I know you have to take drugs from day 21 of UR period but that's all I know and I can't get in touch with the staff 

Xx 
Thanks


----------



## Toothfairy (Sep 4, 2011)

Hi

I am doing FET medicated with Guys..  I have soo far been on microgynon for 21 days from AF..  Then started nasal spray 4xdsily from 1st day of bleed after contraceptive pill you reduce nasal spray to 2xdaily and taken prognova 3xdaily ... Have a scan booked in on 13th (scan are always on Thursday) then if Everything is good in scan ET week (stop nasal spray just tablets and cyclogest passeries)  I started my FET journey on 2nd Feb and ET may be on 21st March so it's been a kind medicated cycle...  Approx 7 weeks..  

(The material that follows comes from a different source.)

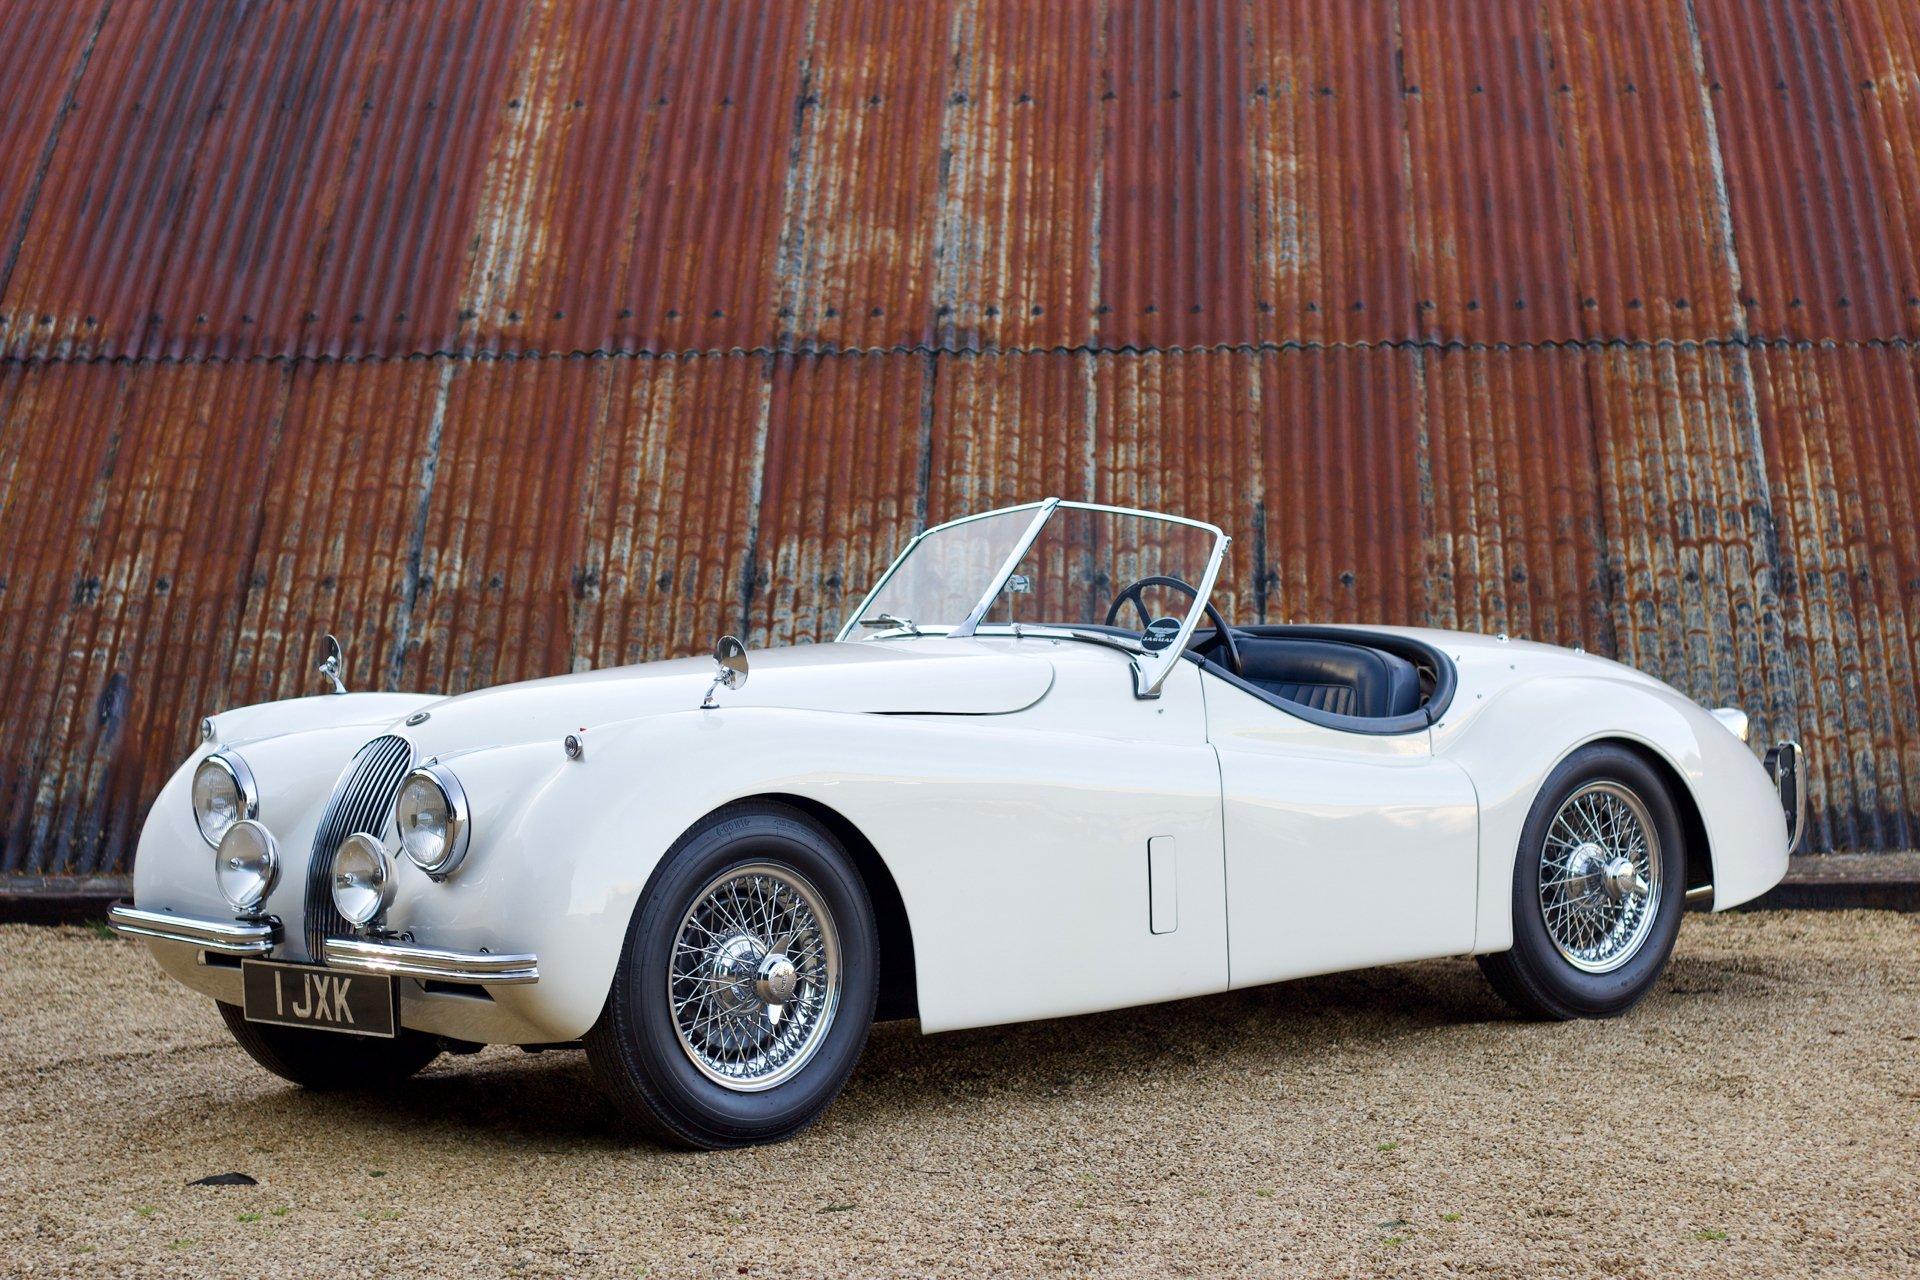 1954 Jaguar Xk 120 Se Roadster Vintage Car For Sale

Have you had your consultation??


----------



## icsipgd (Apr 25, 2011)

Hi tooth fairy, thanks for that, still haven't got in contact with them. Rang all day Friday with no joy.  Fingers crossed I get hold of someone today.
I wish u the best of luck.  Thanks again for the info xxx


----------



## Toothfairy (Sep 4, 2011)

Their telephone systems are rubbish rubbish i find.. Let's hope you get some joy today..  We can give each other company on this roller coaster journey.. 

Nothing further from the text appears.